Roughly 40 million Americans suffer from some form of arthritis — that number even includes children. Before your arthritis pain worsens, see how John Moran, MD, and Tim Urell, DO, of More MD, can help. With state-of-the-art locations in Surprise, Prescott, Prescott Valley, or Lake Havasu, Arizona, you have a dedicated arthritis specialist nearby. To book your arthritis evaluation, click on the online scheduler or call either clinic directly.
Arthritis is a chronic and degenerative disease that causes the tissues lining the joints to break down over time, and increasing friction between the joint components causes the joints to become inflamed and painful. There are different types of arthritis, but the most common type is osteoarthritis which affects millions of people.
Osteoarthritis is caused by wear and tear on the joints, and it’s much more common among older men and women, as well as some athletes whose joints receive excessive use or strain. Arthritis can also develop following an injury or even after surgery. Another type of arthritis, rheumatoid arthritis, is caused by an autoimmune disorder that causes the immune system to malfunction.
In rheumatoid arthritis, the immune system begins attacking the healthy tissue that lines the joints, resulting in tissue destruction and joint deformity. Arthritis can occur in any joint, but the hands, ankles, wrists, knees, hips, and spine are the most common sites of injury. People who are obese or overweight and those whose jobs require a significant amount of joint activity and strain are also at increased risk for the disease, and it’s also more common among women.
The most common symptoms of arthritis are pain, stiffness, and decreased the range of motion in the affected joint. In more moderate to severe cases, symptoms include tenderness, redness and warmth around the joint as inflammation flares up and become more intense. Over time, arthritis can take a major toll on a person’s mobility and their ability to perform even simple daily tasks like tying shoes, buttoning or zipping clothing, walking, or climbing stairs.
Treatment begins with a physical exam and a review of the patient’s symptoms and medical history.
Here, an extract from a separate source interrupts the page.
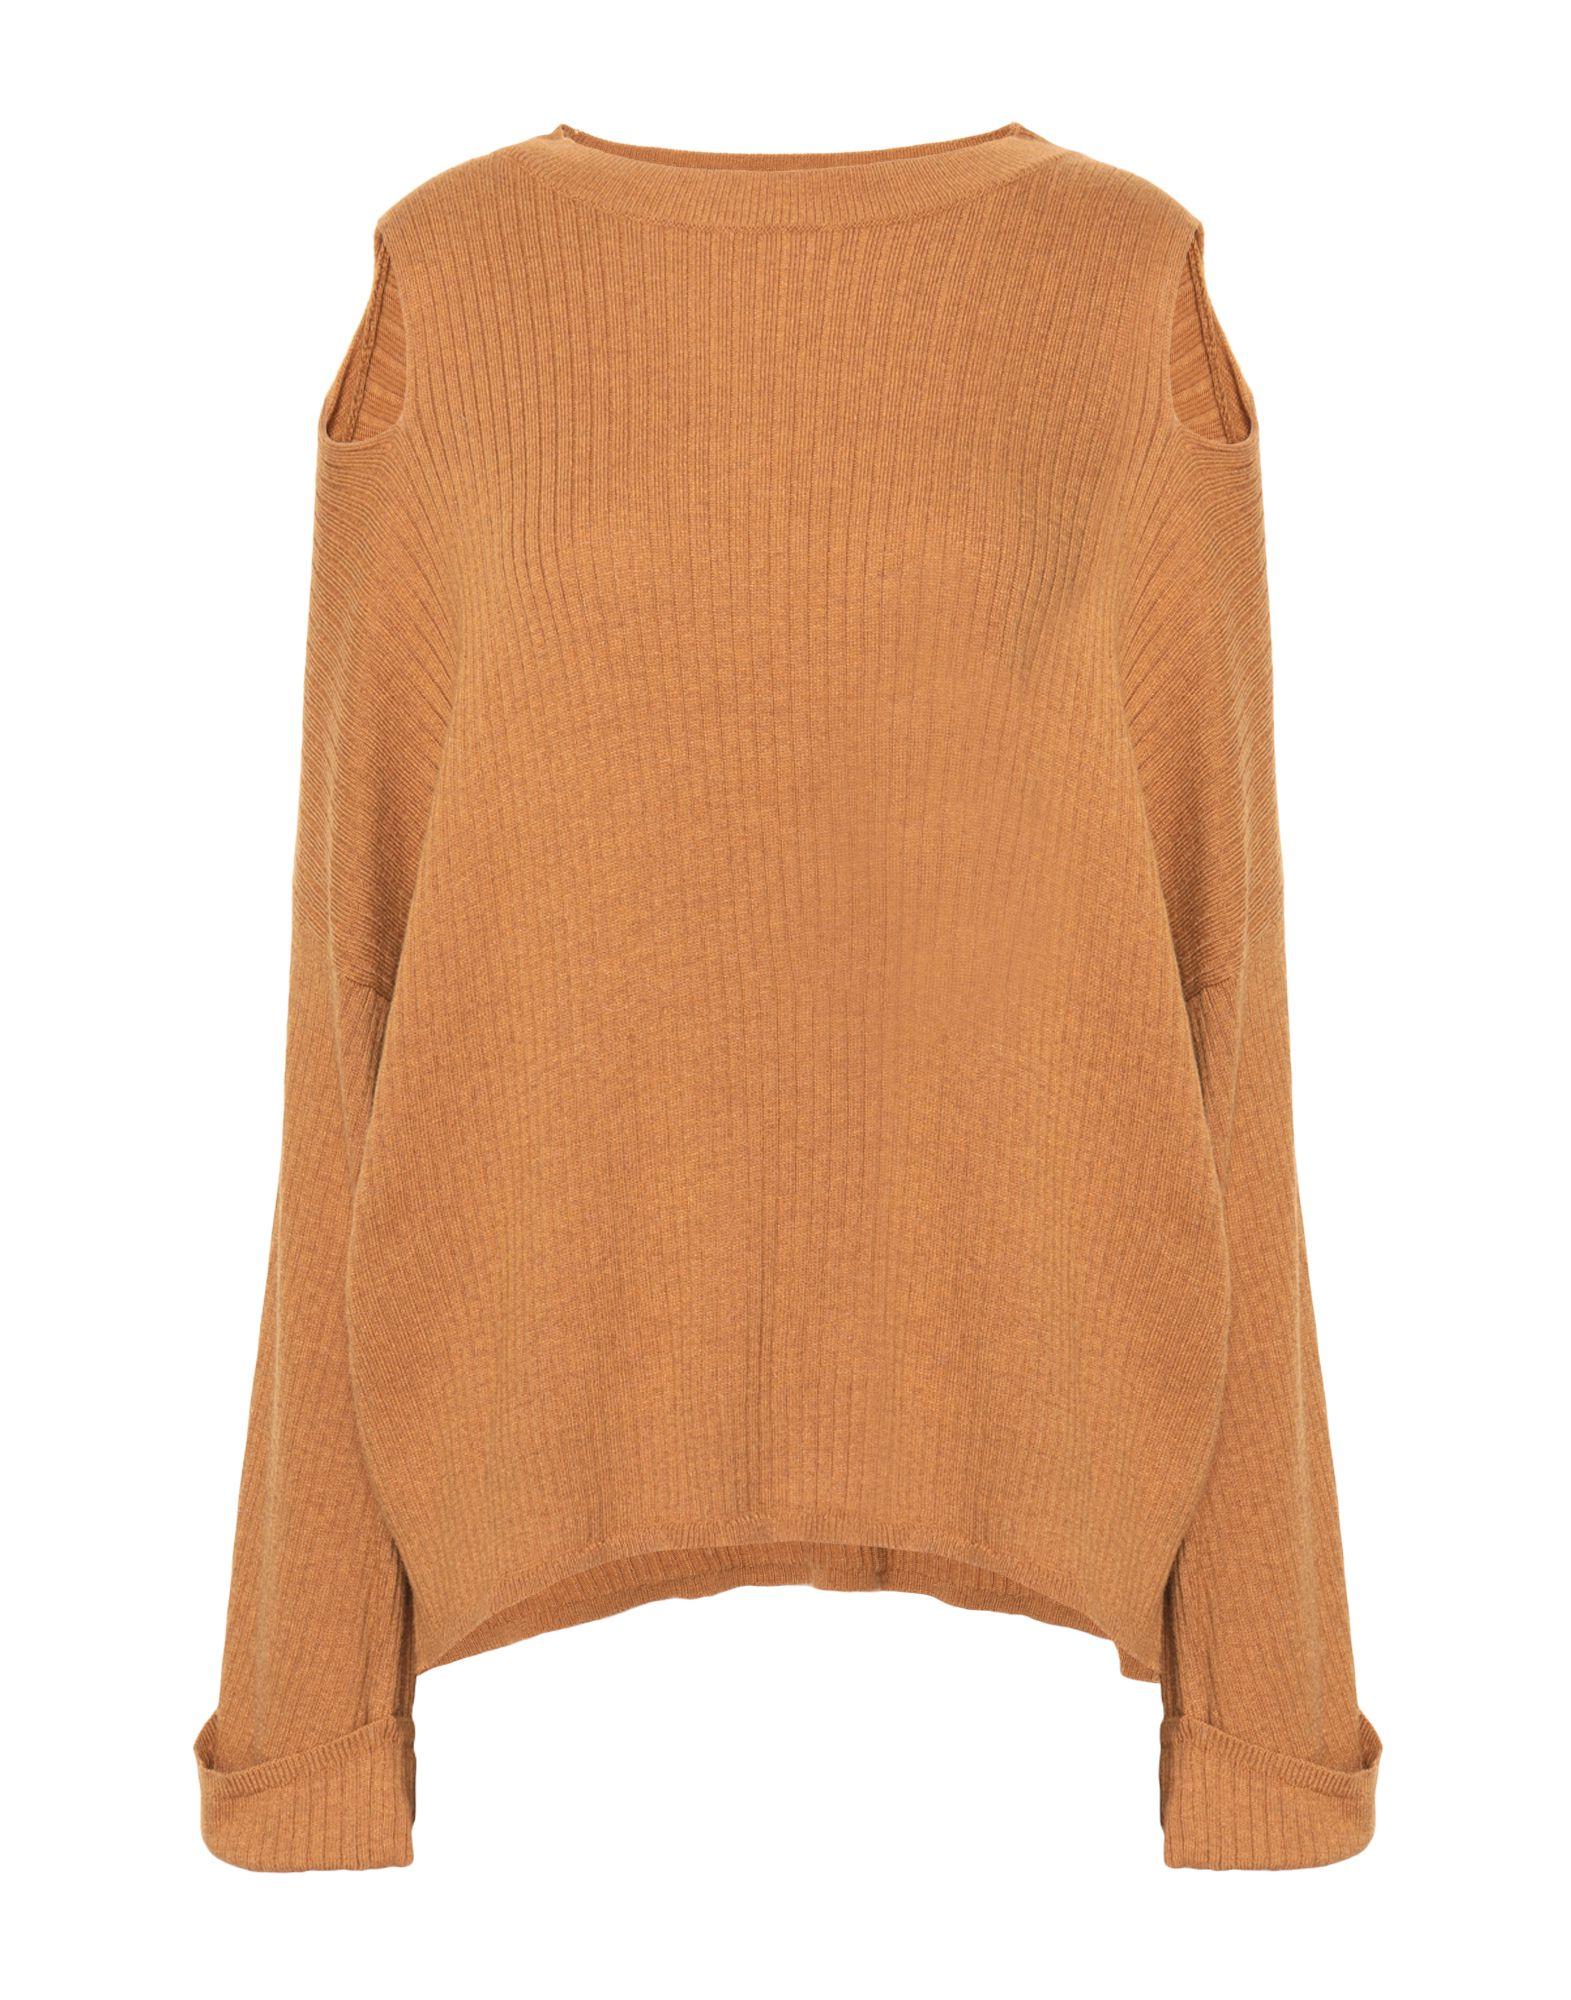 купить свитер для девочки в интернет магазине

Medical imaging like X-rays or MRI may be performed and in some cases, especially if rheumatoid arthritis is suspected, blood work may be ordered.
Once the diagnosis is confirmed, treatment for osteoarthritis may include physical therapy to reduce stiffness and improve mobility, medications to reduce pain and inflammation, corticosteroid injections for inflammation, and lifestyle changes like losing excess weight or adopting assistive devices like canes or walkers.
For rheumatoid arthritis, other medications may be prescribed to control the abnormal immune response that’s causing joint destruction. When more conservative approaches aren’t effective in providing adequate relief, joint surgery may be recommended.